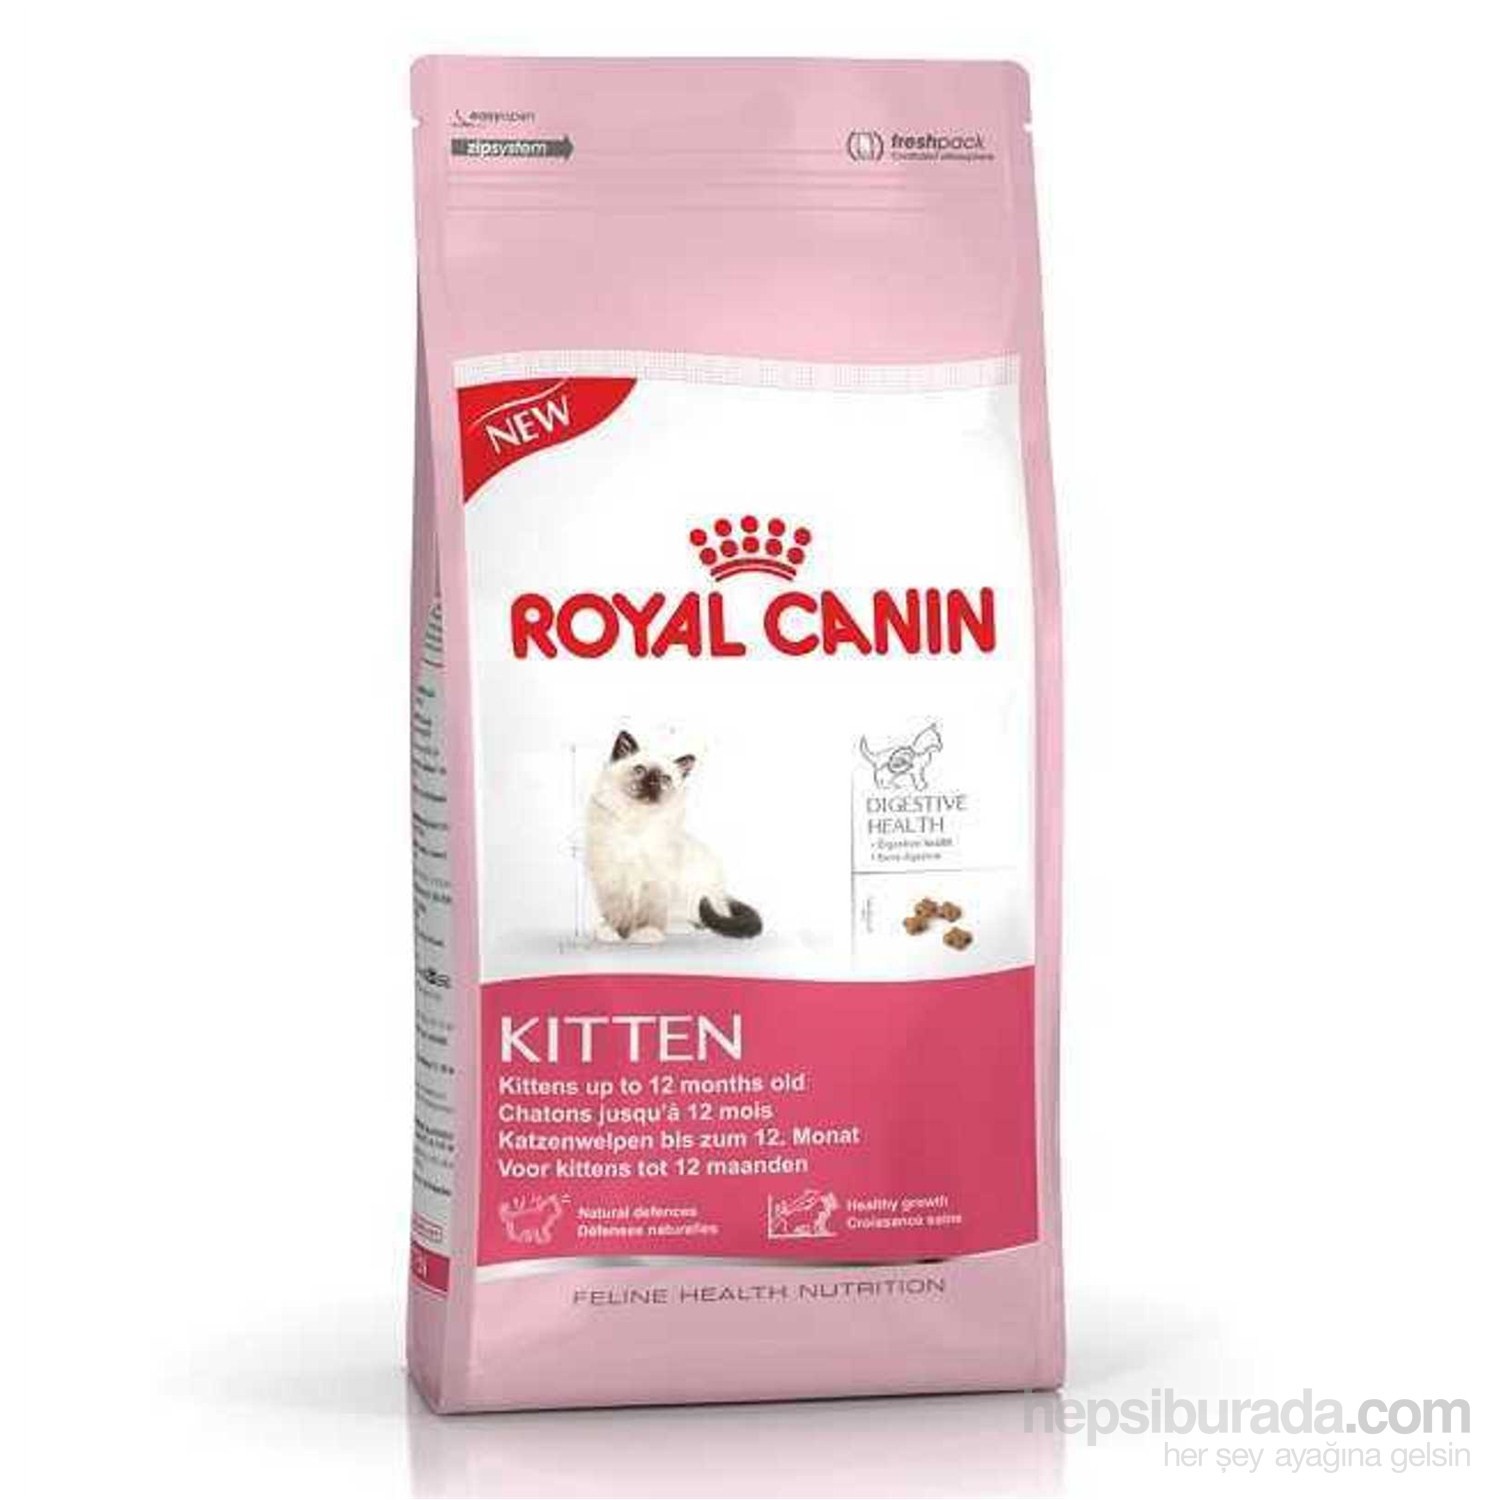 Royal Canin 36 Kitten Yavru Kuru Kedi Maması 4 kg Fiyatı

--

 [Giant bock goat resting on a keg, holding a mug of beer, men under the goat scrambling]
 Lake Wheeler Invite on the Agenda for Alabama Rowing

==

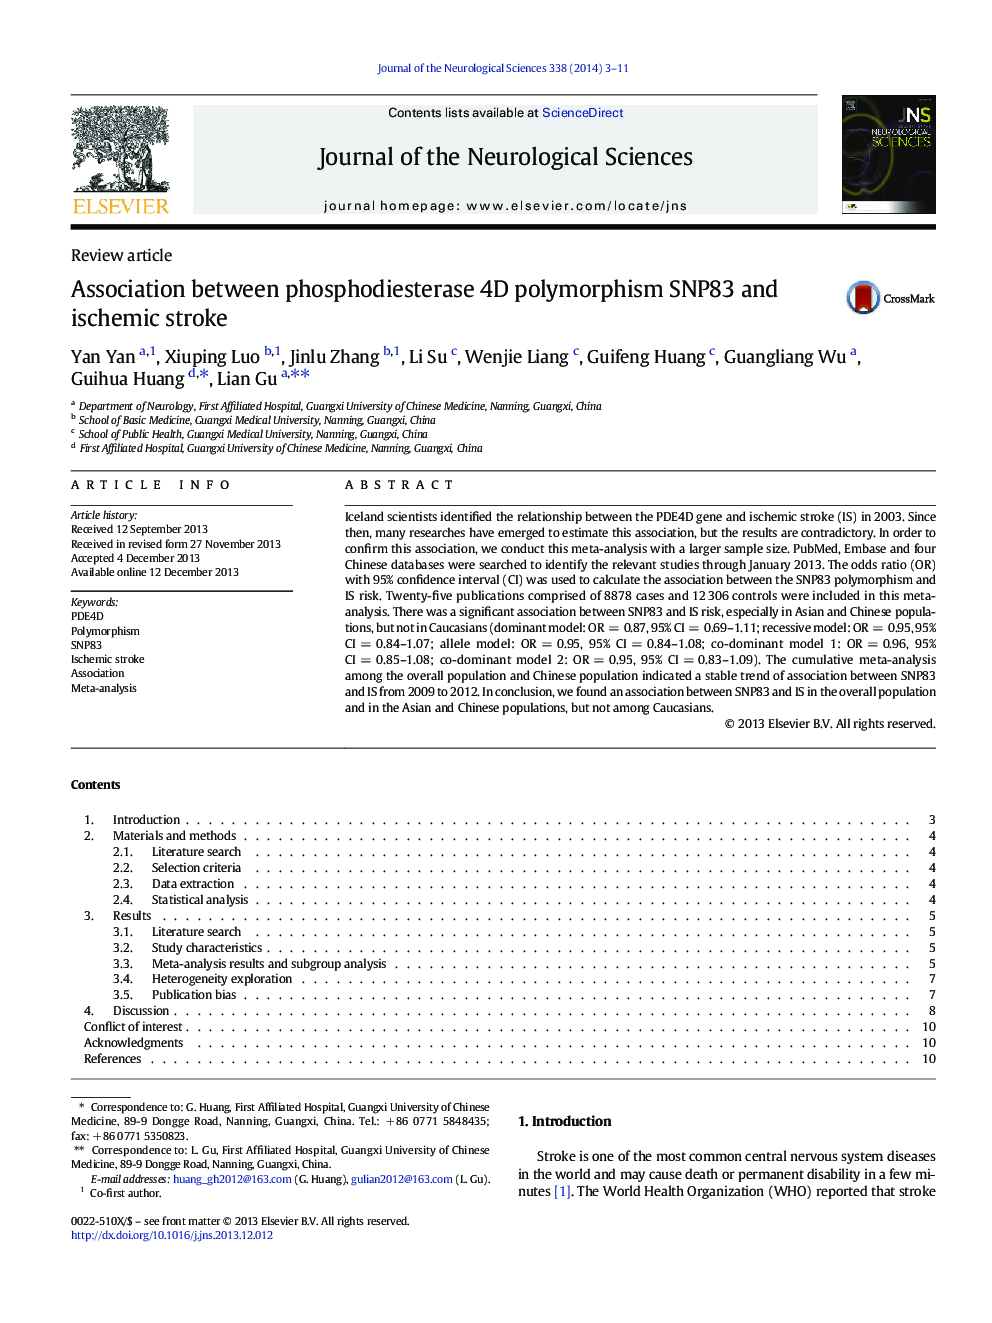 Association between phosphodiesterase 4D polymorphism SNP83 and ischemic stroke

YOUR ASSIGNMENT: Above are some lines. Repeat exactly, and only, those from the line that has "[Giant bock goat" through the line that has "Lake Wheeler Invite".

OUTPUT OF THE EXERCISE:
 [Giant bock goat resting on a keg, holding a mug of beer, men under the goat scrambling]
 Lake Wheeler Invite on the Agenda for Alabama Rowing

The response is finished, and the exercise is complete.